On this basis, XR’s figureheads also reject class politics and the trappings of the “radical left.” Among the group’s core principles is opposition to “blaming and shaming.” This is framed largely as a matter of internal culture, of avoiding public call-outs in favor of face-to-face dialogue. Its civil disobedience template, however, also reflects a reluctance to name enemies. Discrete actions have targeted institutions such as the London Stock Exchange and the UK’s Treasury, but the largest-scale actions have aimed more generally at disrupting business-as-usual in major city centers, in an attempt to provoke a government response.
Some actions have spectacularly misfired, most notably one at the tail end of October’s two-week rebellion. A small group of XR activists glued themselves to a London Tube carriage, blocking a train in a working-class part of East London at rush hour. Angry commuters eventually pulled the protesters off the train, kicking and punching at least one of them after dragging him to the ground.

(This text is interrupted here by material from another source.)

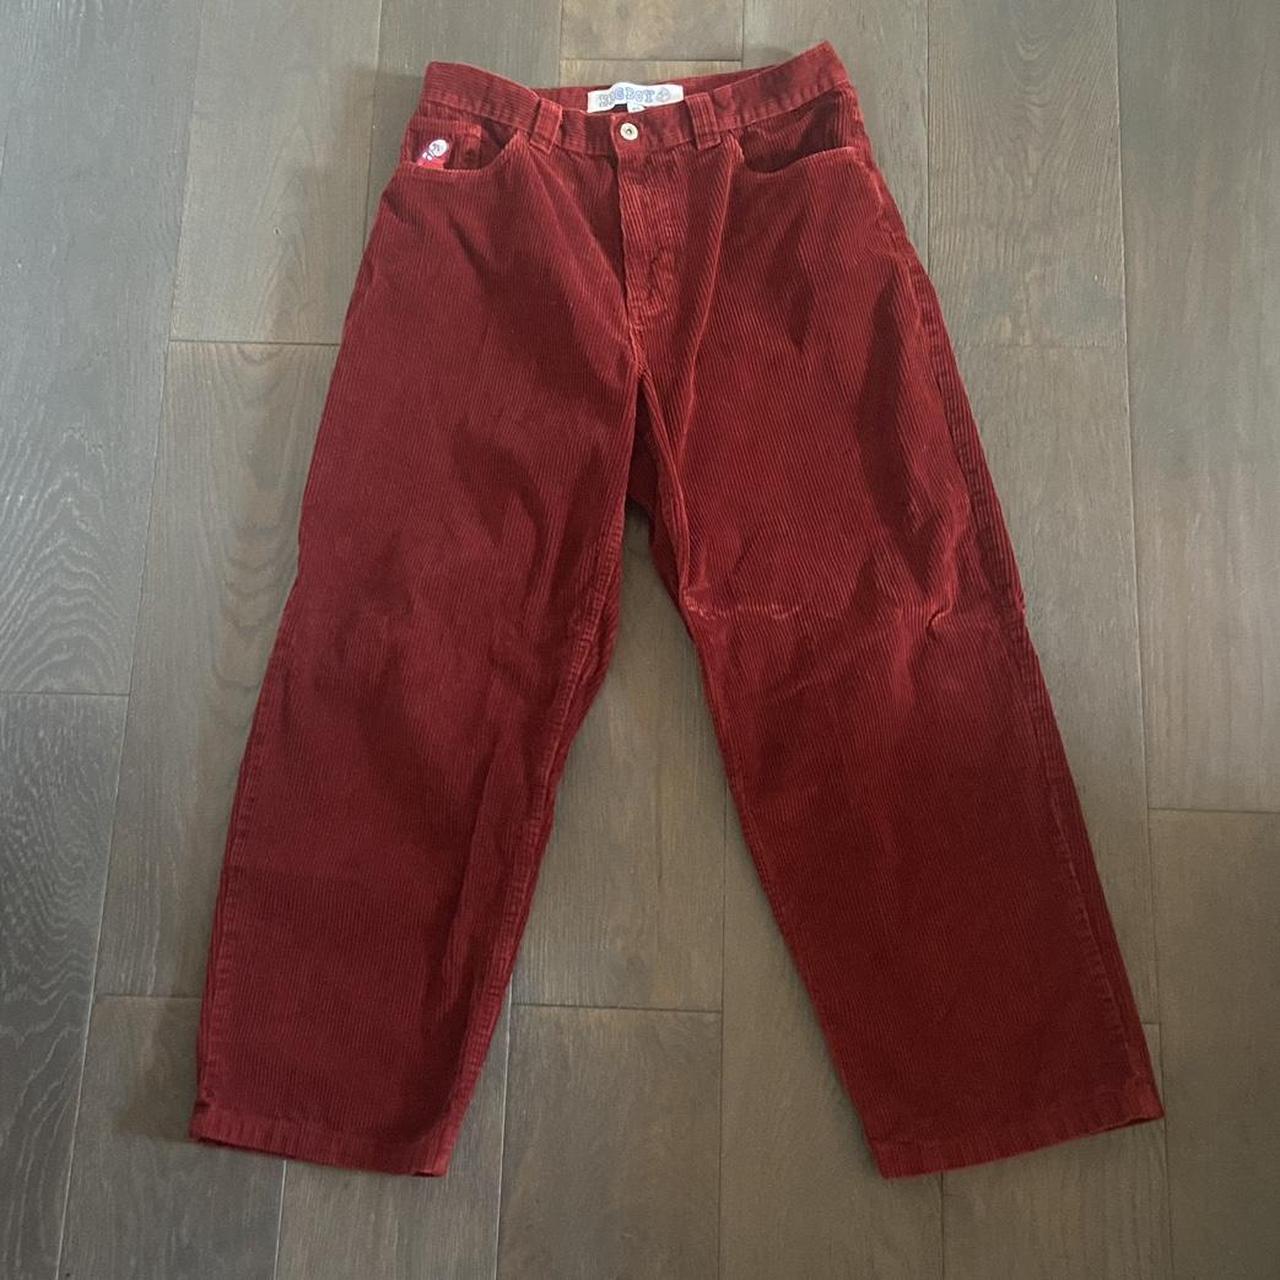 Crewcuts Bowery Corduroy Pants, Red Boys Size 16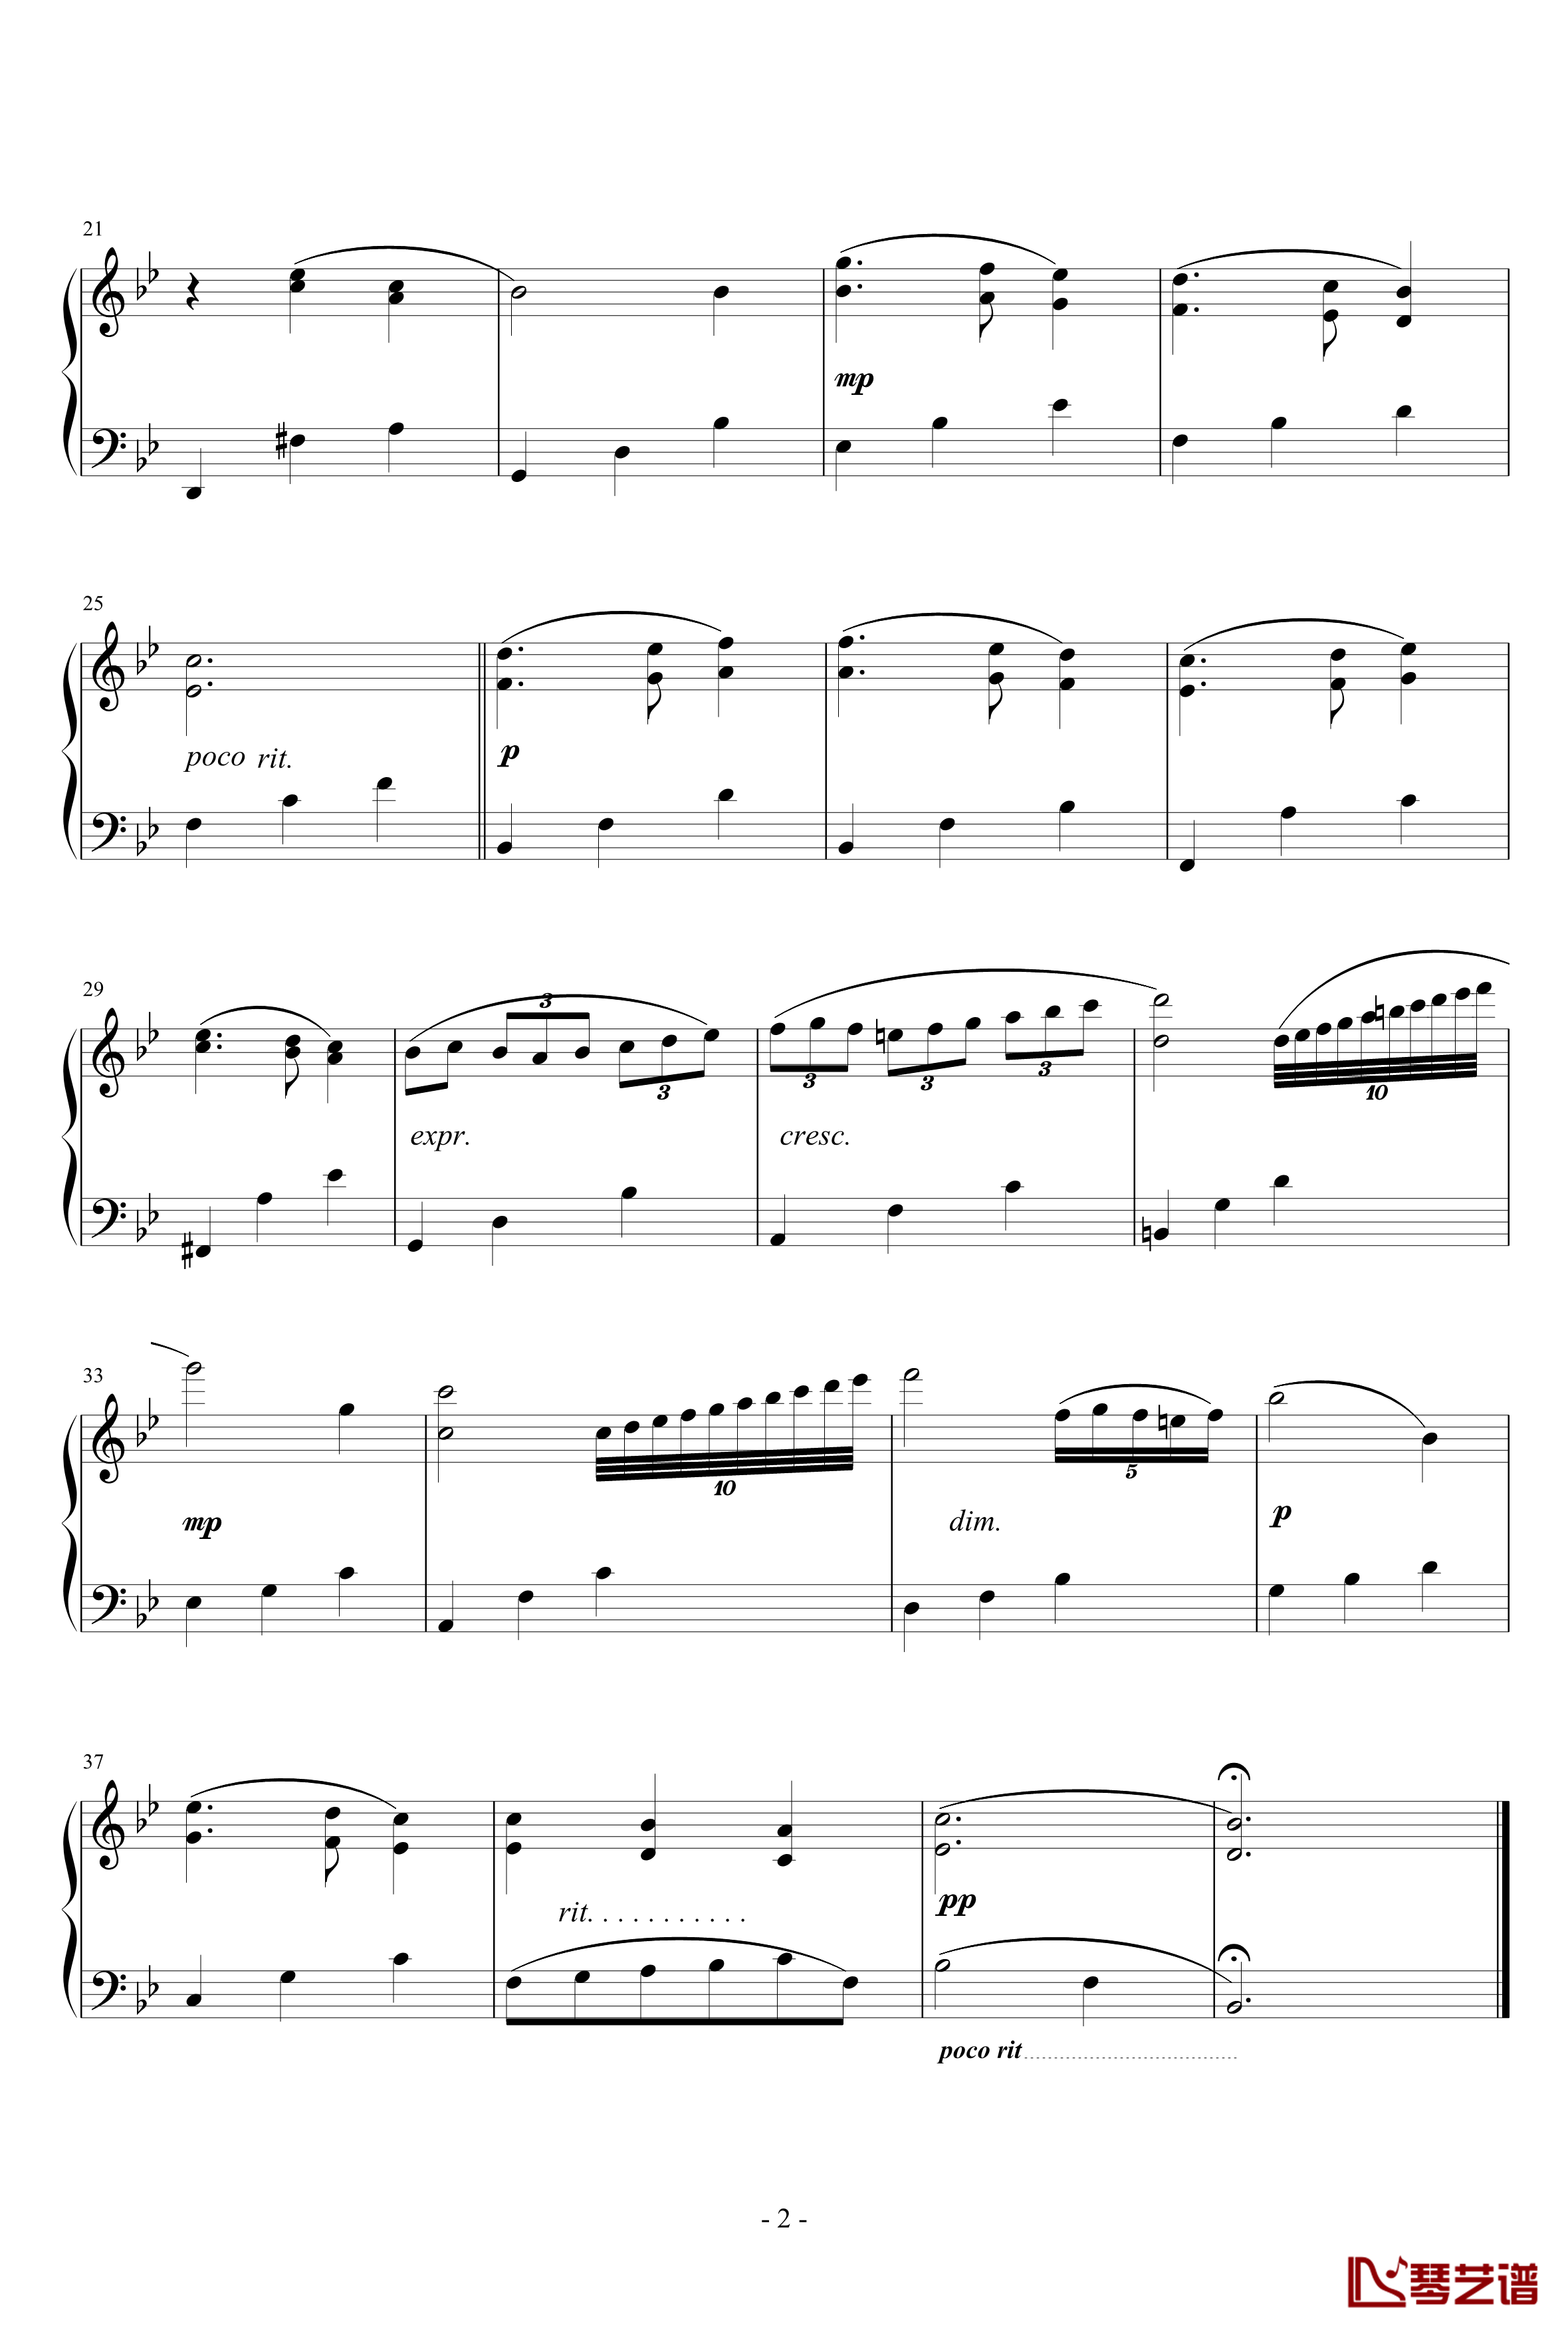 A Mozart Reincarnated钢琴谱-完美原版-1900-海上钢琴师

XR organizers have since conceded that the Tube protest was a mistake and said that they are reconsidering their strategy in light of it, particularly given the “dismay” among some members over the choice of tactics. But it is far from the only source of contention within the group. Members of XR Scotland opened the October week of action by unfurling banners reading “Decolonise XR” and “Climate Struggle = Class Struggle.” Others have formed an independent offshoot of the group named Global Justice Rebellion, which explicitly identifies itself as anticapitalist and antiracist. XR’s U.S. organizers have added a fourth demand—for a just transition, including “reparations and remediation led by and for Black people, Indigenous people, people of color and poor communities”—to the group’s core three.
Members of Global Justice Rebellion are pushing XR’s leadership to adopt this fourth demand as part of their international platform. But it remains an uphill battle. XR’s leaders “don’t want to say anything ‘too left-wing’ because then they put off liberals and conservatives,” Cameron Joshi, a spokesperson for Global Justice Rebellion, told VICE. “They believe that’s the only way they’re going to reach the critical mass they need.”
In the UK, where December’s general election could mean the difference between vague gestures toward decarbonizing by 2050 and an aggressive plan to do so by 2030—which a majority of the public backs—the limits of XR’s apolitical stance are all the more palpable. The resistance among XR’s leadership to endorse Labour “shows a real blindness to actual power dynamics and how things get done,” says Aranyo Aarjan, another spokesperson for Global Justice Rebellion.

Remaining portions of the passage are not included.